---------- PROVIDED MATERIAL

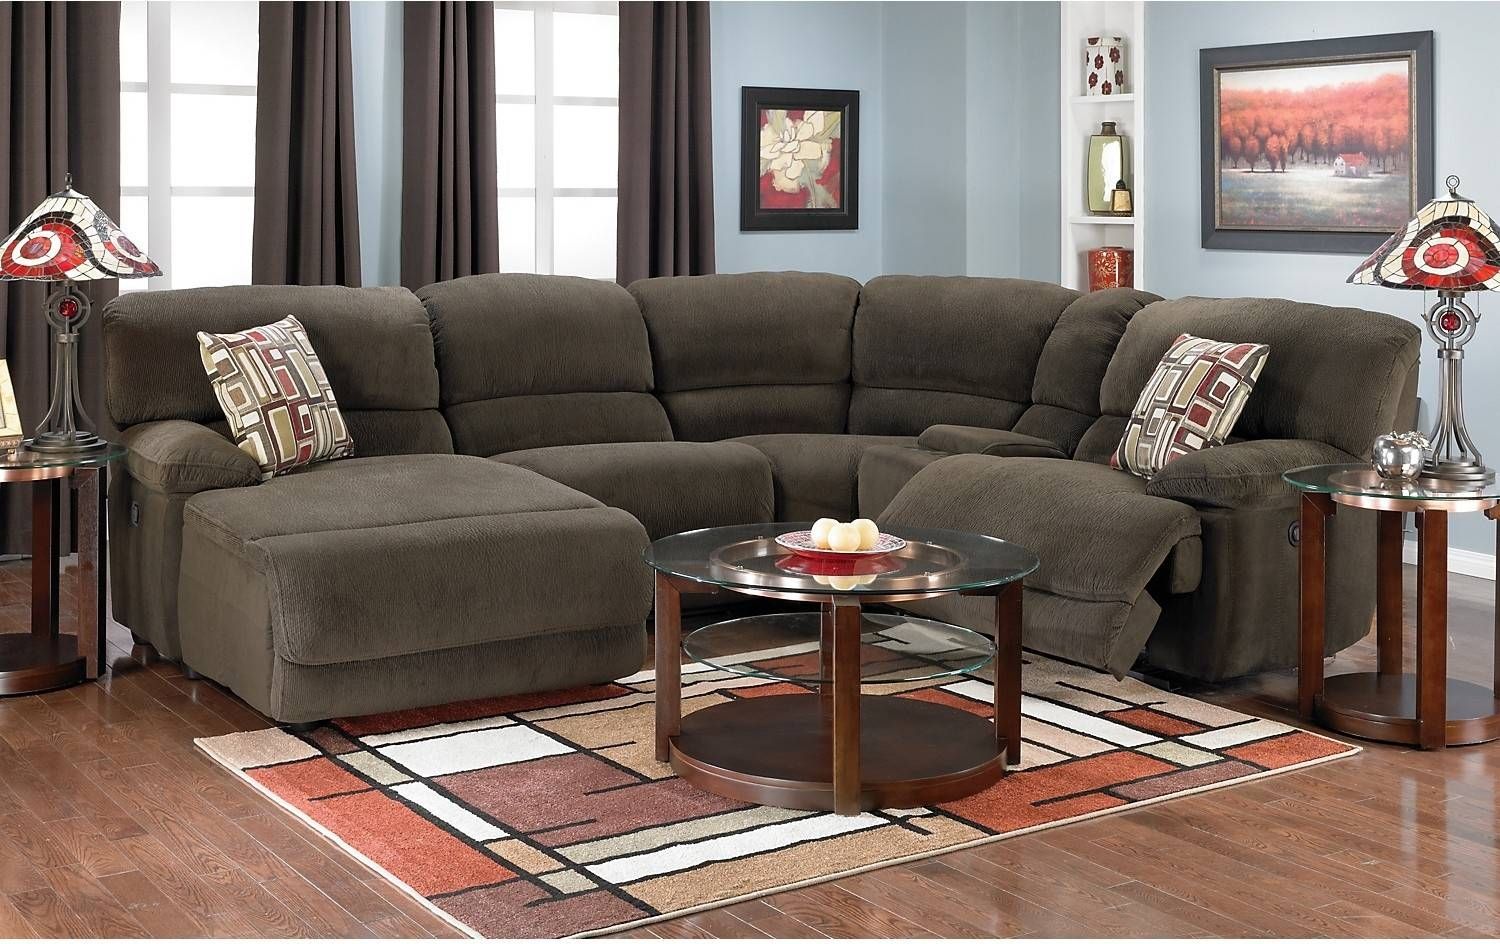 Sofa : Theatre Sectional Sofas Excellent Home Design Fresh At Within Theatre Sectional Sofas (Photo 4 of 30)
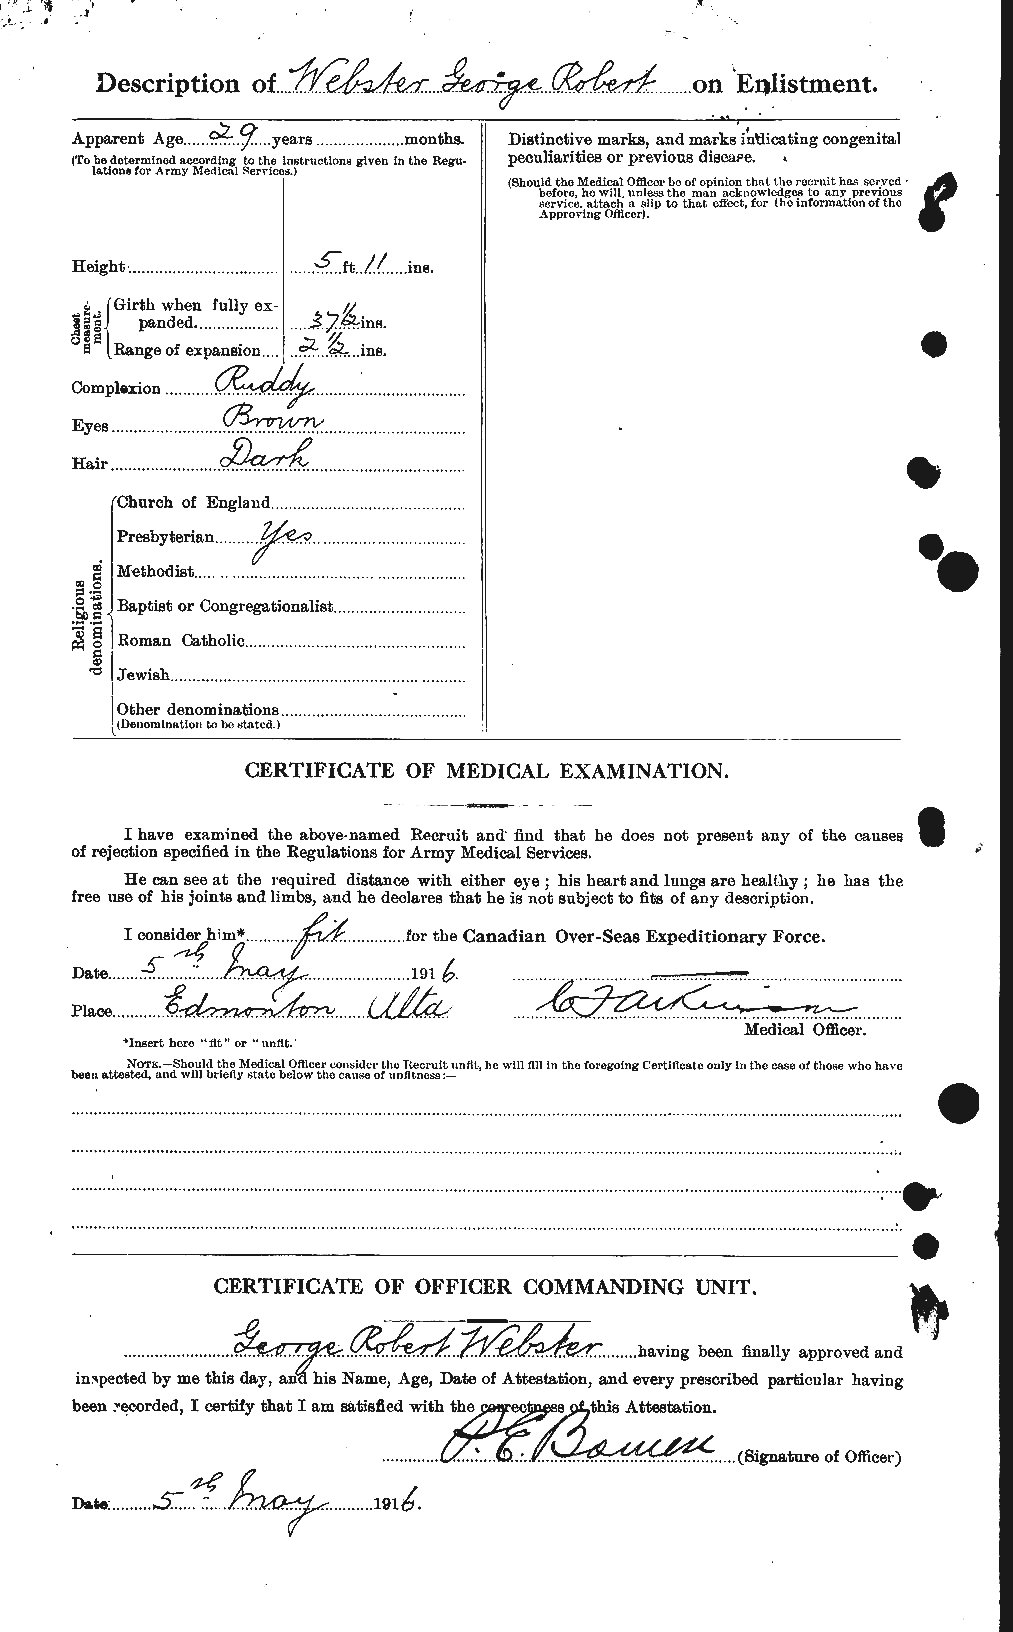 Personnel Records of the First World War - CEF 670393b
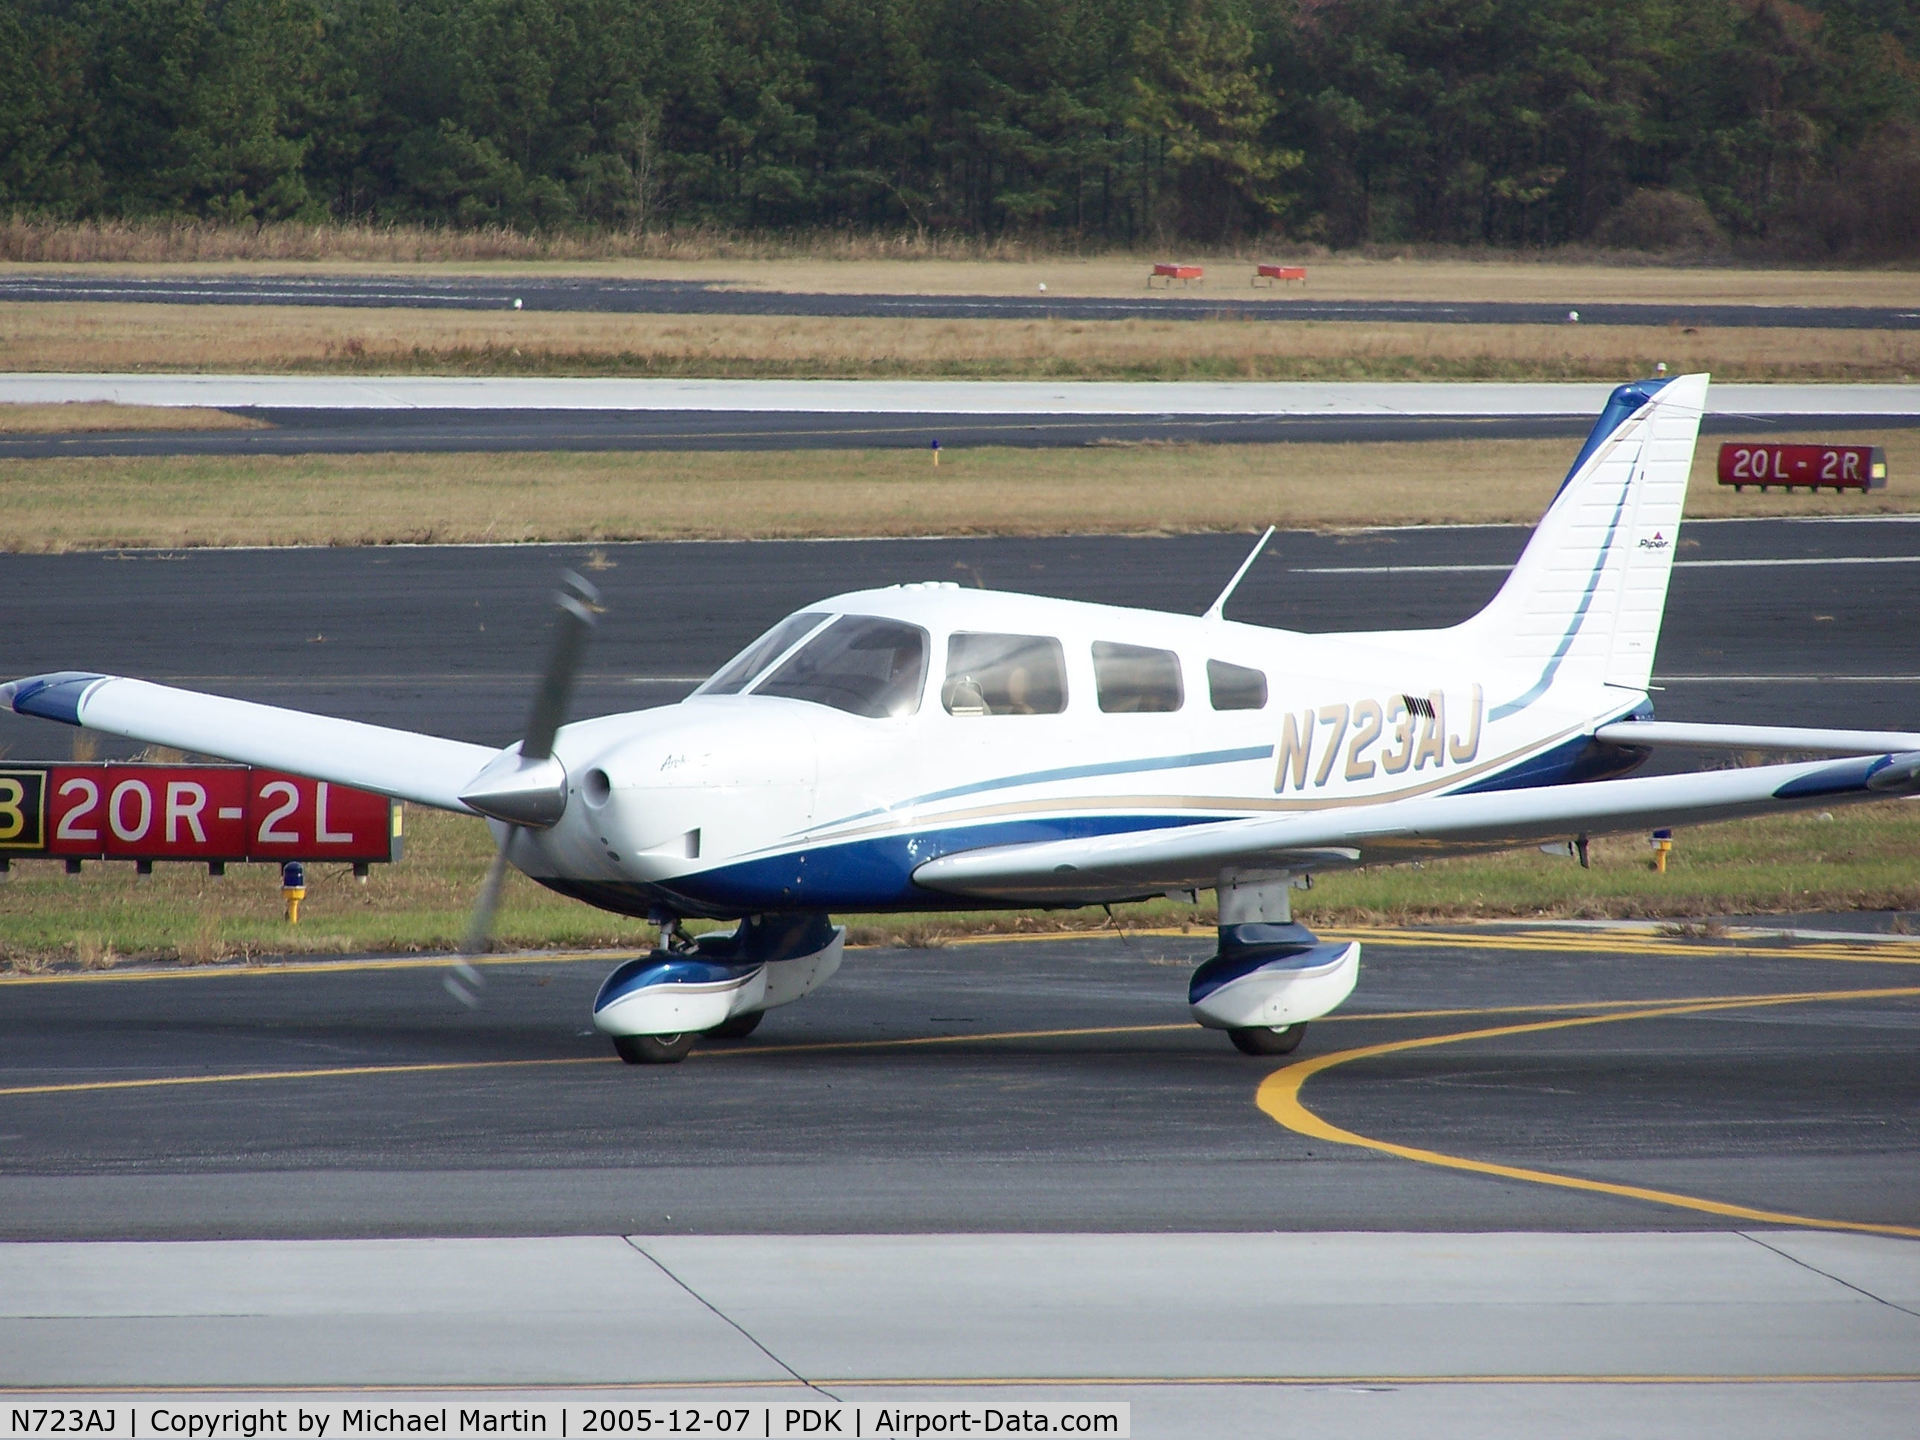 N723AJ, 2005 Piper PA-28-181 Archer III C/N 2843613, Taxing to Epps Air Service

--------------------

**WHAT YOU NEED TO DO**
A word-for-word reprint of the listing above is needed, minus the pictures.

**RESPONSE BOX**
 Sofa : Theatre Sectional Sofas Excellent Home Design Fresh At Within Theatre Sectional Sofas (Photo 4 of 30)
 Personnel Records of the First World War - CEF 670393b
 N723AJ, 2005 Piper PA-28-181 Archer III C/N 2843613, Taxing to Epps Air Service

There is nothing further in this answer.